■ **TASK REQUIREMENTS**
List all the lines in these records that hold "Case".

■ **MATERIAL SUPPLIED**
------------------------------------------------

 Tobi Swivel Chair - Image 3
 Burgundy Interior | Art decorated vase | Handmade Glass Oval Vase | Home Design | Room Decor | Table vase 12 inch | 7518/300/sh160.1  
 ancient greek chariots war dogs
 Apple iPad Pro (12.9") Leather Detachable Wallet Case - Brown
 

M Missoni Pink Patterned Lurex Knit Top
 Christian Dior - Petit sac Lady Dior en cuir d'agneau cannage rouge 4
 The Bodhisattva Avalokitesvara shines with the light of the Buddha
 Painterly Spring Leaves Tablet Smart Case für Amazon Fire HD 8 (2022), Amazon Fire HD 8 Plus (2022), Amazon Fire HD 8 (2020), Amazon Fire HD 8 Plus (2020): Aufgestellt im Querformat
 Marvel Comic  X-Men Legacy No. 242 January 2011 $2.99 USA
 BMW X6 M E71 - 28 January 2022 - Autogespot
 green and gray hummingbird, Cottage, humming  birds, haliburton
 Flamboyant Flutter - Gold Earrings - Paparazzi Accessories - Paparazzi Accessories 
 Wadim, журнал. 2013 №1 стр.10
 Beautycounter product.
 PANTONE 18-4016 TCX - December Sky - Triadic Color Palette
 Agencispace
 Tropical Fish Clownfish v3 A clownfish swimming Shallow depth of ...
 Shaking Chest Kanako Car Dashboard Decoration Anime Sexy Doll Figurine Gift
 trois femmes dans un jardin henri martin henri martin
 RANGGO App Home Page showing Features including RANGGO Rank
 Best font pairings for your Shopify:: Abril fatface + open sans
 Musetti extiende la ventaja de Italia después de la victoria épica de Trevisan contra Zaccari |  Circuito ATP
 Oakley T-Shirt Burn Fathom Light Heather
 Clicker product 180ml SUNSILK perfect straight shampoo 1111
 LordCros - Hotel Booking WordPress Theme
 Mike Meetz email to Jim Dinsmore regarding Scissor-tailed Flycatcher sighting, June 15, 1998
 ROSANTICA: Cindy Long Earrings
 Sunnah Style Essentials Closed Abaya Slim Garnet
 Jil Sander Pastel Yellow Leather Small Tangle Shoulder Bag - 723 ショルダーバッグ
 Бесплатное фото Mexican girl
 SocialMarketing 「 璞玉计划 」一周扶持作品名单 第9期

------------------------------------------------

■ **WRITTEN RESPONSE**
 Apple iPad Pro (12.9") Leather Detachable Wallet Case - Brown
 Painterly Spring Leaves Tablet Smart Case für Amazon Fire HD 8 (2022), Amazon Fire HD 8 Plus (2022), Amazon Fire HD 8 (2020), Amazon Fire HD 8 Plus (2020): Aufgestellt im Querformat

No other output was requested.